## code for testing functionality of the NN

In [1]:
import torch
import torch.nn as nn
import torch.nn.functional as F

In [2]:
!pip install torchtext



In [3]:
# need to upload the .py files before this
import Layers, loaders

In [4]:
# validation

device = "cuda" if torch.cuda.is_available() else "cpu"
model = Layers.BCVNN(image_channels=3, filter_dimension=3).to(device)

# Dummy RGB input: batch of 8 images, 3×256×256
dummy = torch.randn(8, 3, 256, 256).to(device)
out = model(dummy)

print("Output shape:", out.shape)
# Expected: [8, 101]

Output shape: torch.Size([8, 101])


## validation with synthetic, random dataset

In [5]:
# validation with synthetic dataset
import torch
import torch.nn as nn
import torch.optim as optim
from torch.utils.data import DataLoader, TensorDataset
import Layers, loaders
from tqdm import tqdm

In [6]:
# make synthetic dataset
num_samples = 1000
num_classes = 101
image_size = 256
batch_size = 64

# Fake RGB images (float32 in [0, 1])
X = torch.randn(num_samples, 3, image_size, image_size)
# Random integer labels between 0 and num_classes-1
y = torch.randint(0, num_classes, (num_samples,))

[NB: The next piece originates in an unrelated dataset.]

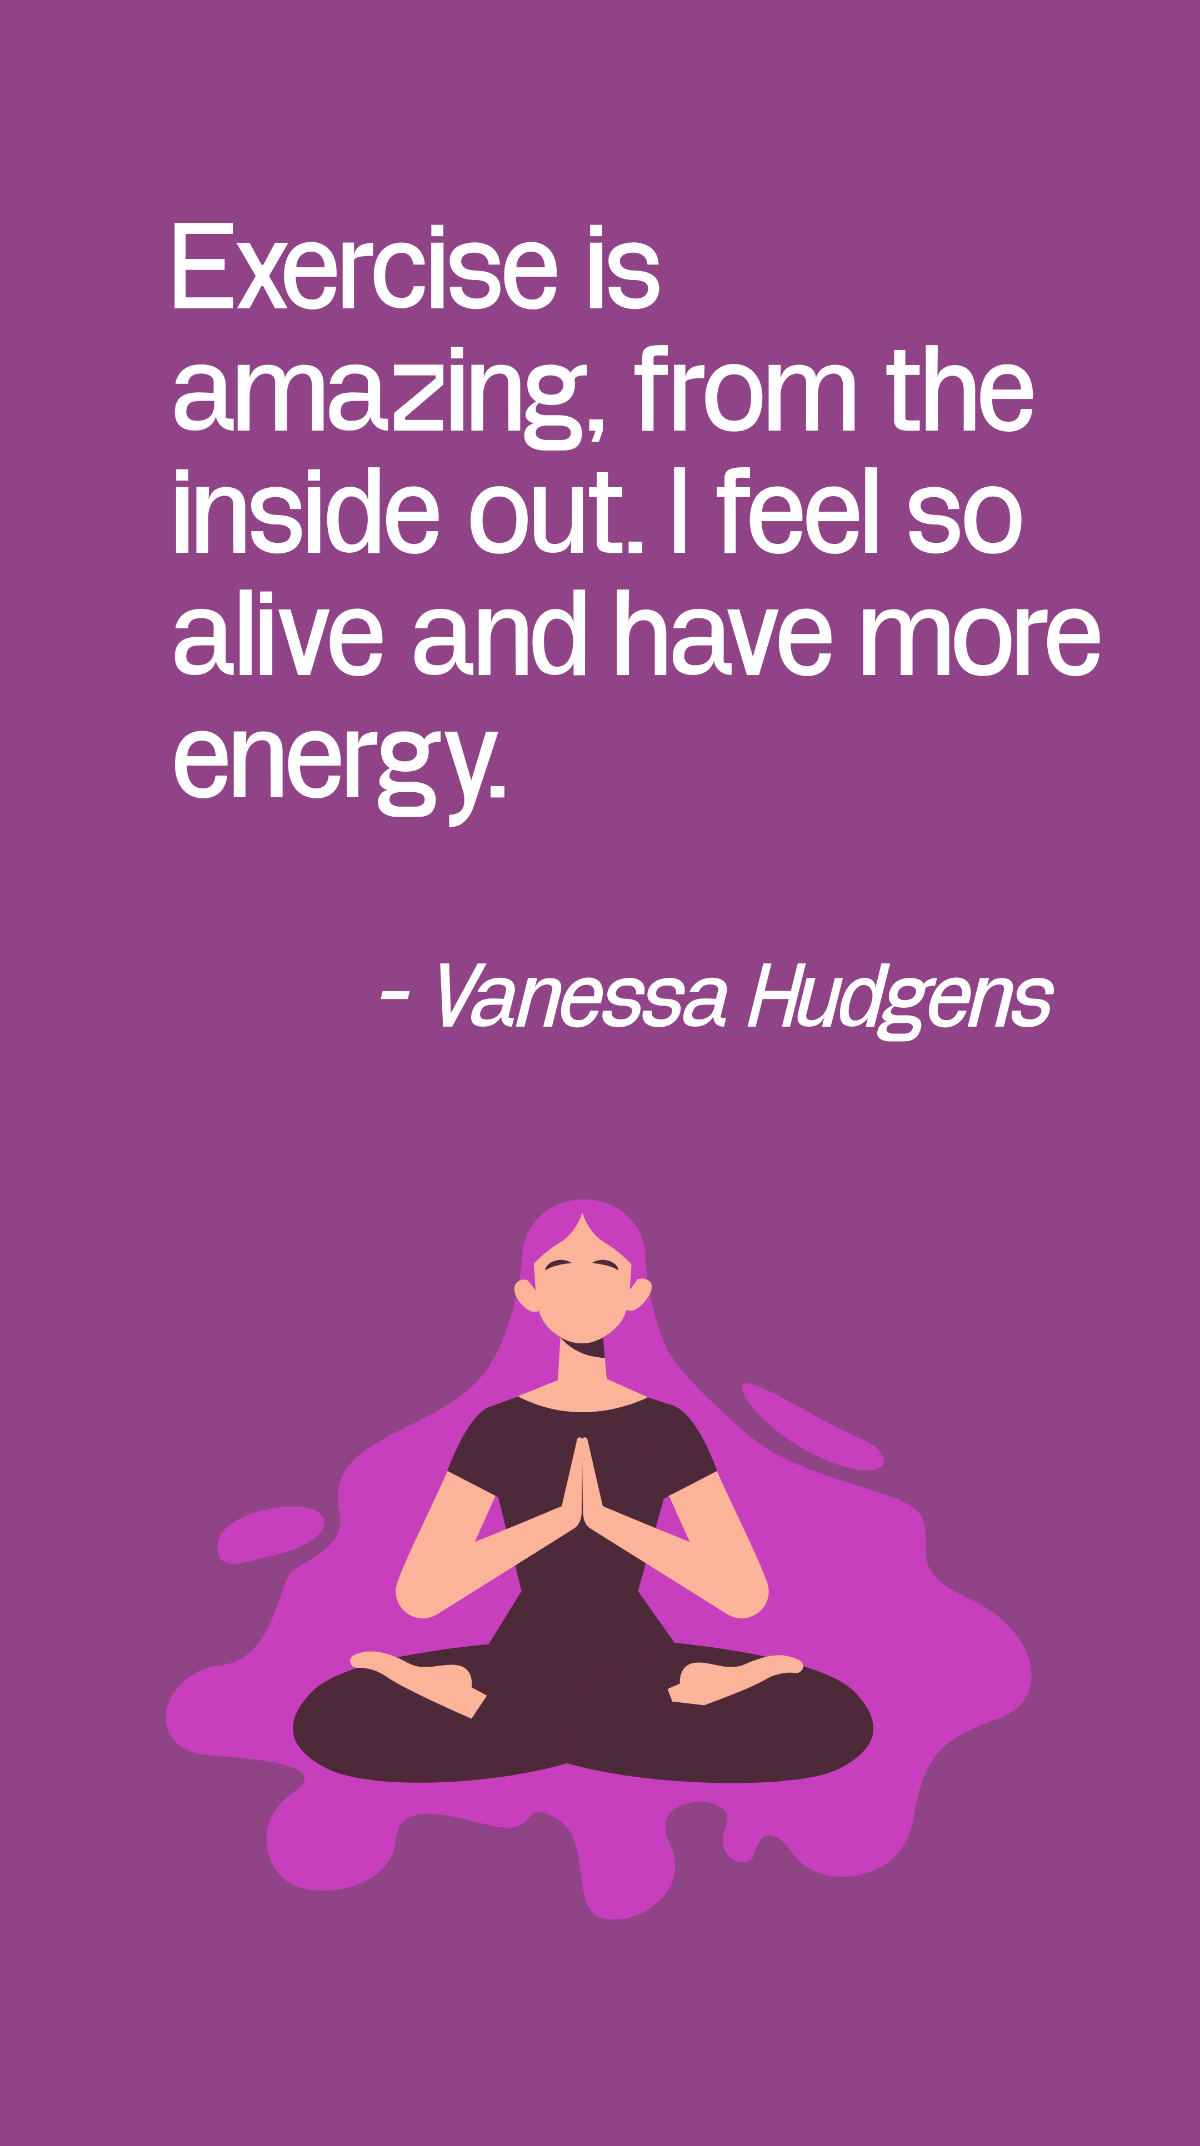 Vanessa Hudgens - Exercise is amazing, from the inside out. I feel so alive and have more energy.

# Wrap as TensorDataset for easy DataLoader batching
dataset = TensorDataset(X, y)
loader = DataLoader(dataset, batch_size=batch_size, shuffle=True)


In [7]:
# Initialize model, loss, optimizer
device = "cuda" if torch.cuda.is_available() else "cpu"
model = Layers.BCVNN(image_channels=3, filter_dimension=3).to(device)

criterion = nn.CrossEntropyLoss()
optimizer = optim.Adam(model.parameters(), lr=1e-3)

In [8]:
# Training loop
model.train()
for epoch in range(2):  # a couple of epochs for sanity check
    total_loss = 0.0
    for batch_idx, (images, labels) in tqdm(enumerate(loader), desc="training batches"):
        images, labels = images.to(device), labels.to(device)

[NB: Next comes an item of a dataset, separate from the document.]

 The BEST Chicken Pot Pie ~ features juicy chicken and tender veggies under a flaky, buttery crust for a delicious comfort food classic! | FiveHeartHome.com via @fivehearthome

        outputs = model(images)

        # Verify output shape
        assert outputs.shape == (images.size(0), num_classes), \
            f"Unexpected output shape {outputs.shape}"

        loss = criterion(outputs, labels)
        optimizer.zero_grad()
        loss.backward()
        optimizer.step()

        total_loss += loss.item()

        if (batch_idx + 1) % 5 == 0:
            print(f"Epoch {epoch+1}, Batch {batch_idx+1}, Loss: {loss.item():.4f}")

    avg_loss = total_loss / len(loader)
    print(f"Epoch {epoch+1} complete. Avg Loss: {avg_loss:.4f}")

training batches: 5it [00:03,  1.41it/s]

Epoch 1, Batch 5, Loss: 4.6144


training batches: 10it [00:06,  1.69it/s]

Epoch 1, Batch 10, Loss: 4.6091


training batches: 15it [00:09,  1.72it/s]

Epoch 1, Batch 15, Loss: 4.6101


training batches: 16it [00:09,  1.65it/s]


Epoch 1 complete. Avg Loss: 4.6156


training batches: 5it [00:02,  1.74it/s]

Epoch 2, Batch 5, Loss: 4.6128


training batches: 10it [00:05,  1.71it/s]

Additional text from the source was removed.